• What the task requires: The output must consist only of the lines from the one with "TripRex - Travel" through the end of the listing, restated exactly and free of pictures.

• Recorded data:
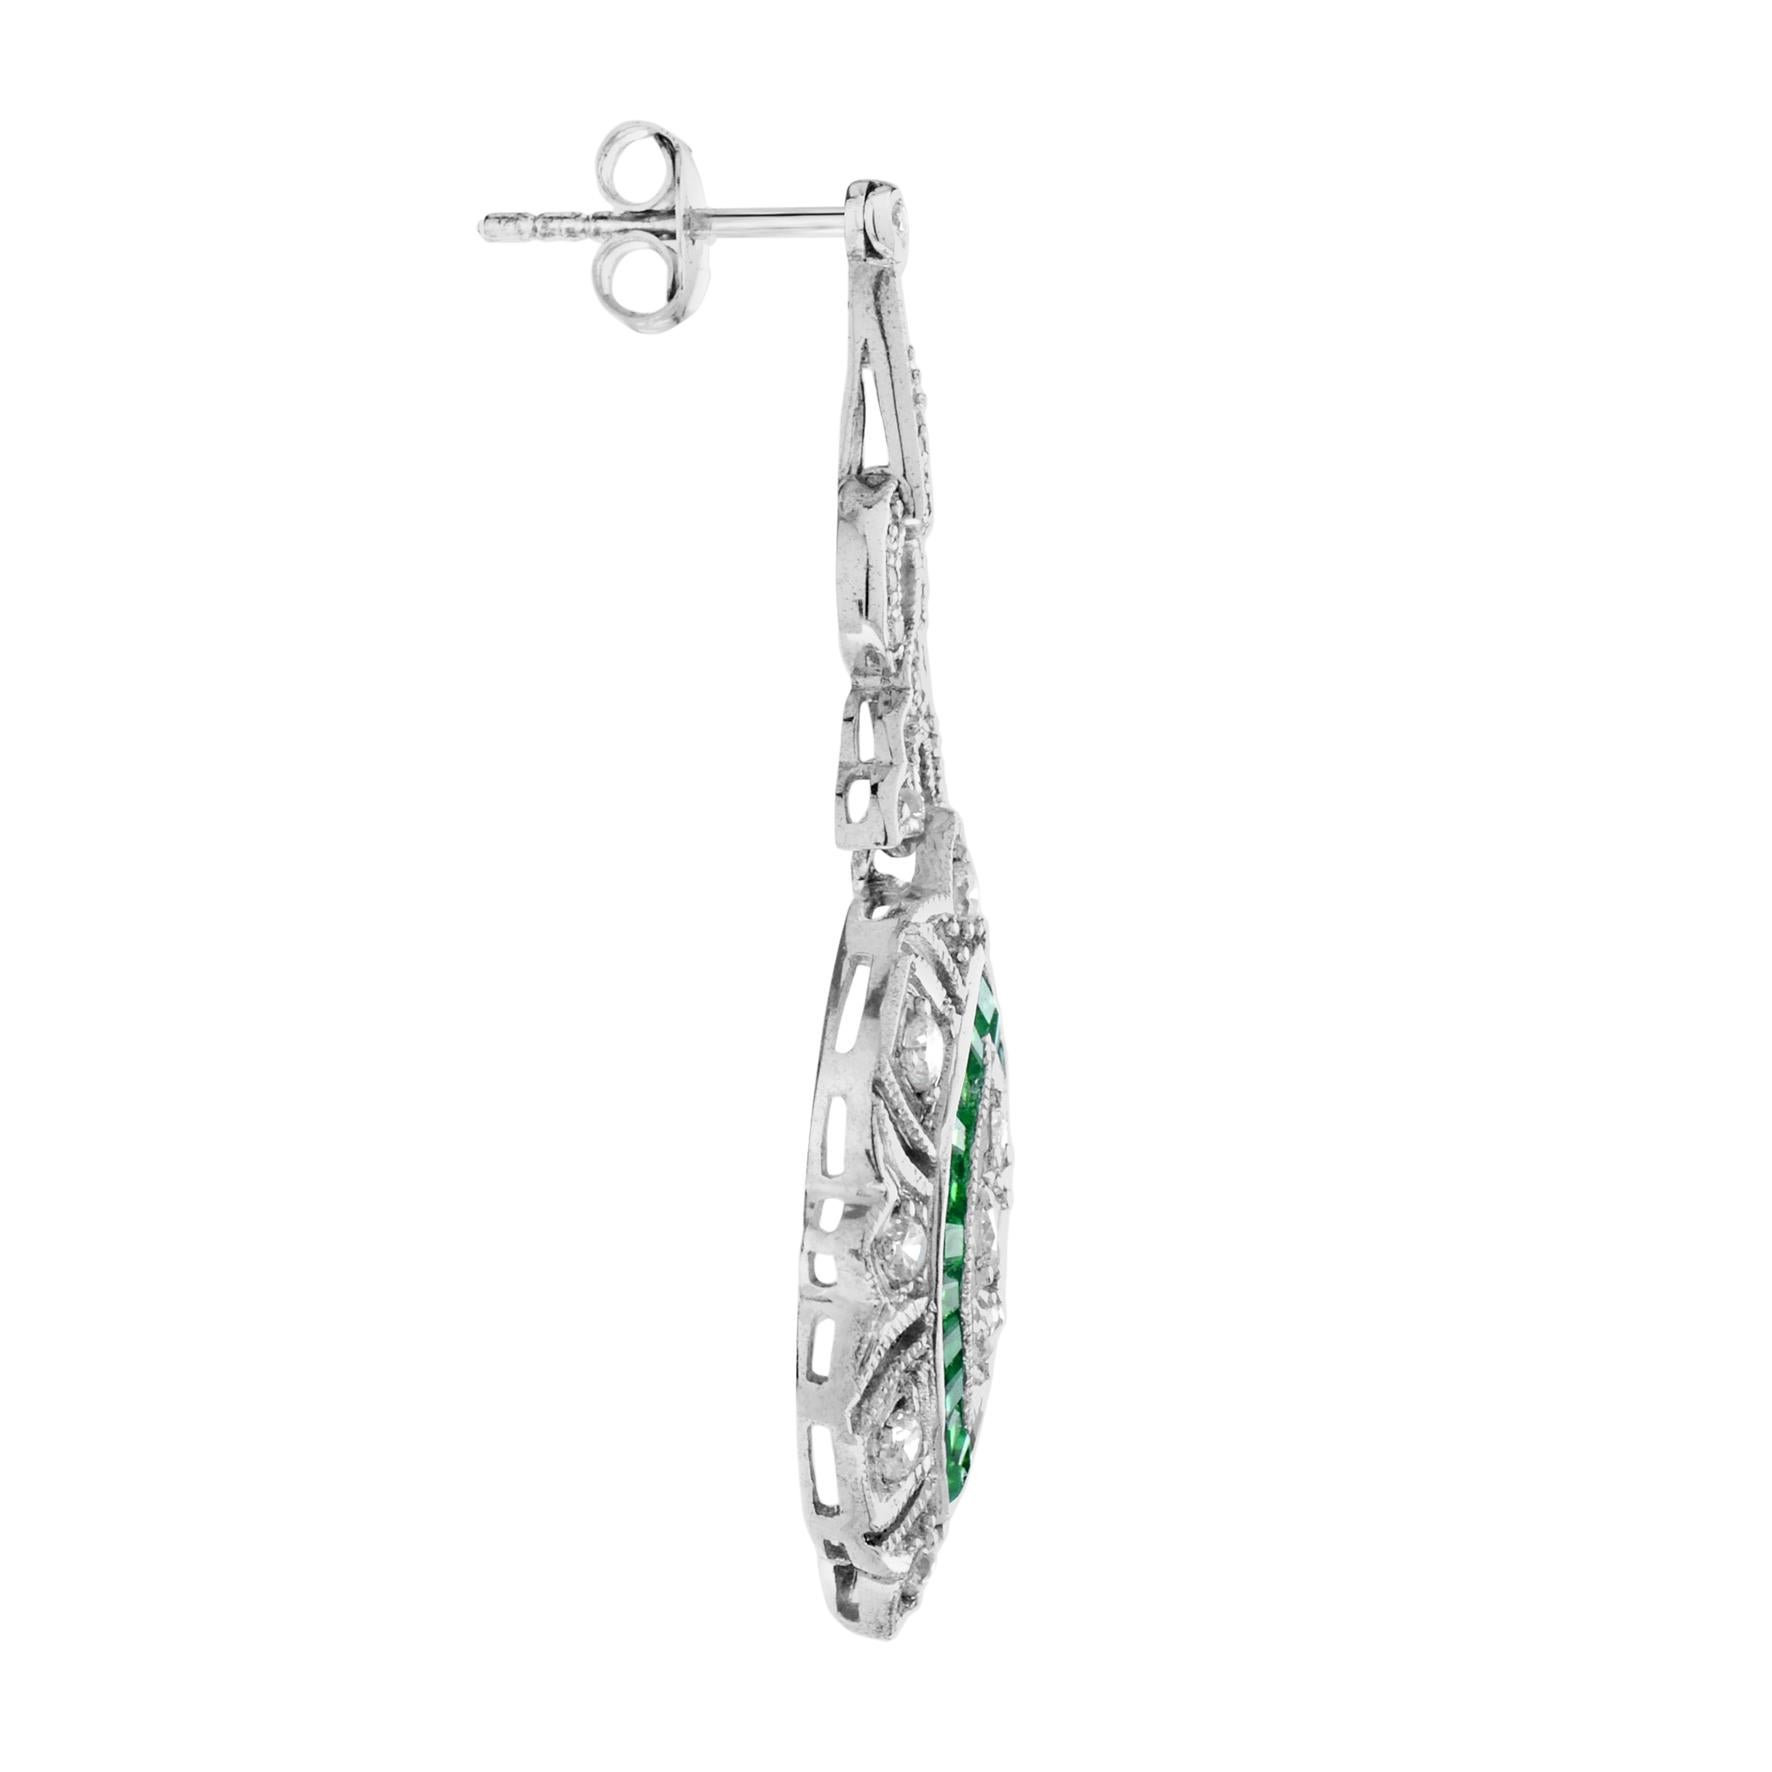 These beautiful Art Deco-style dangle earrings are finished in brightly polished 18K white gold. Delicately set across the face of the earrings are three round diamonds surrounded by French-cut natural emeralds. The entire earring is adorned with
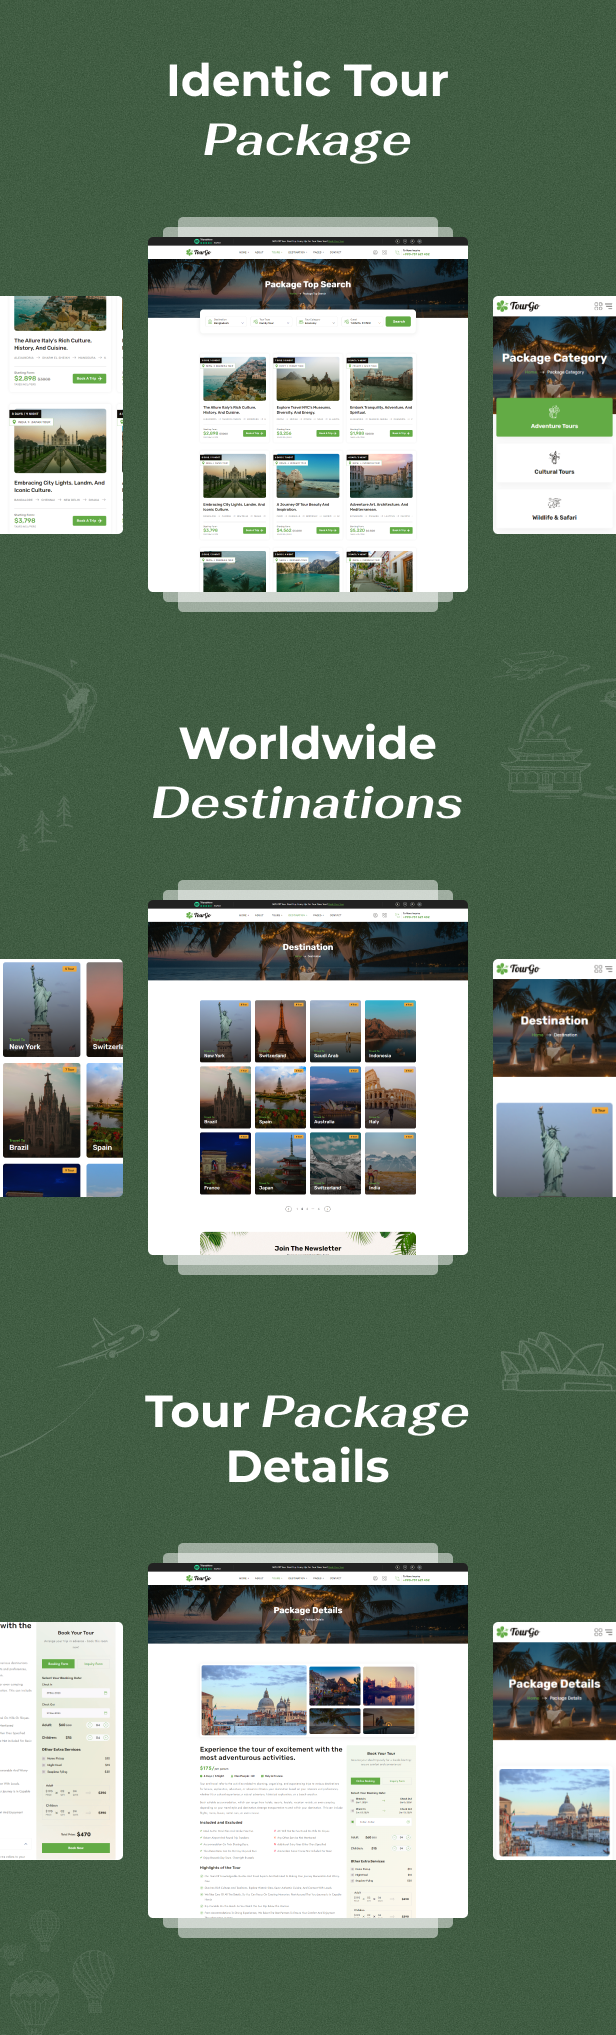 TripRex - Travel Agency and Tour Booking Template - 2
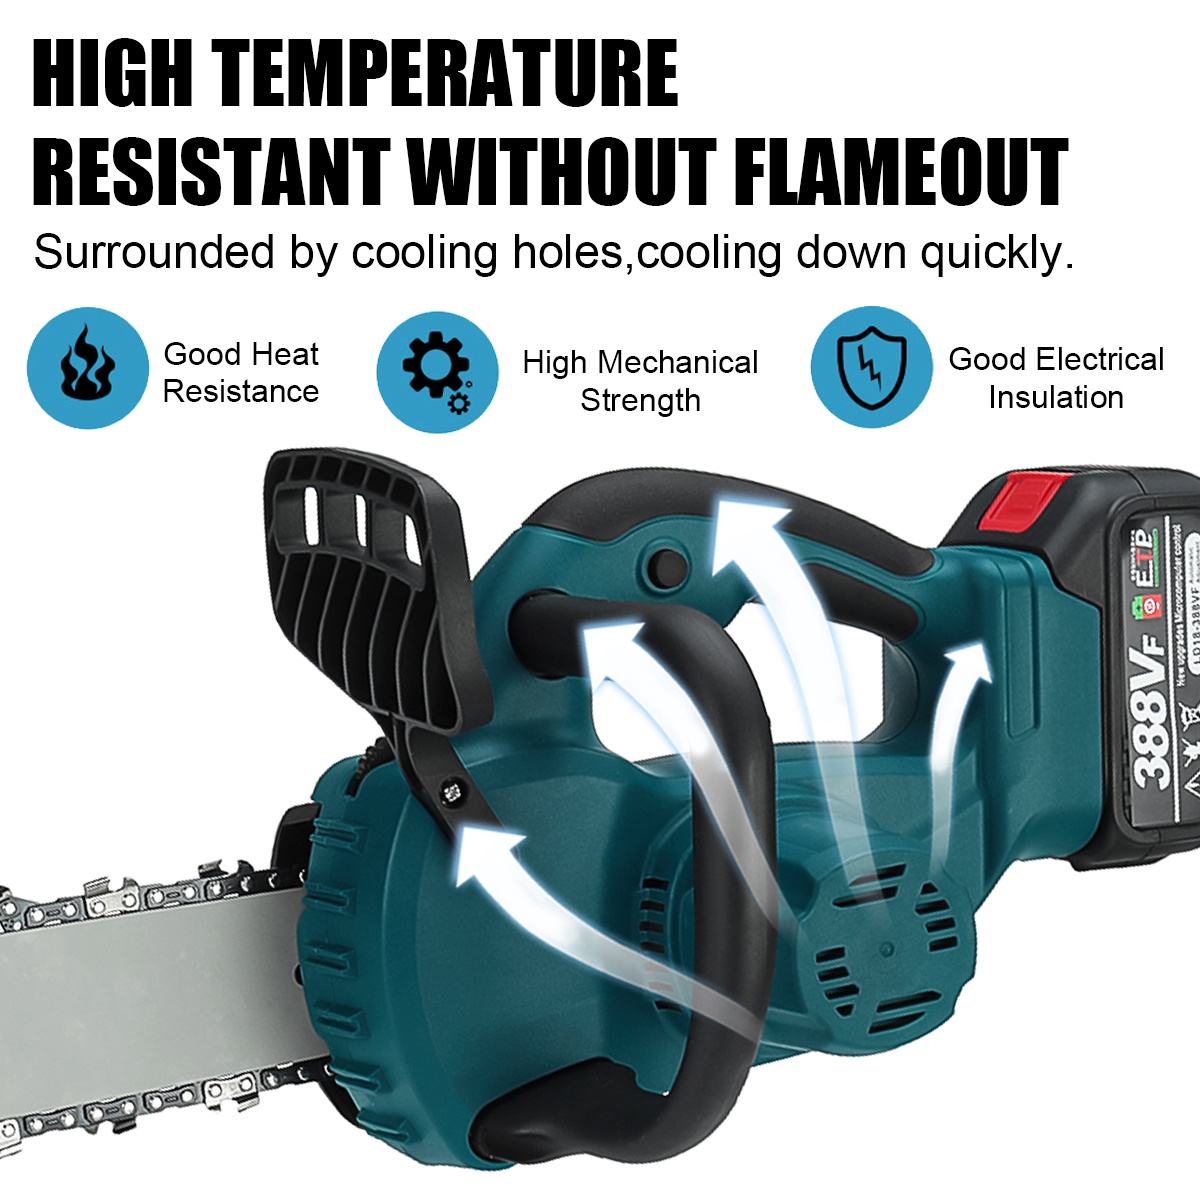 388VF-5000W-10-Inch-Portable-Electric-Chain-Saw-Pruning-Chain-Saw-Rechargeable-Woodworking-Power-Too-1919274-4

• Solved exercise:
 TripRex - Travel Agency and Tour Booking Template - 2
 388VF-5000W-10-Inch-Portable-Electric-Chain-Saw-Pruning-Chain-Saw-Rechargeable-Woodworking-Power-Too-1919274-4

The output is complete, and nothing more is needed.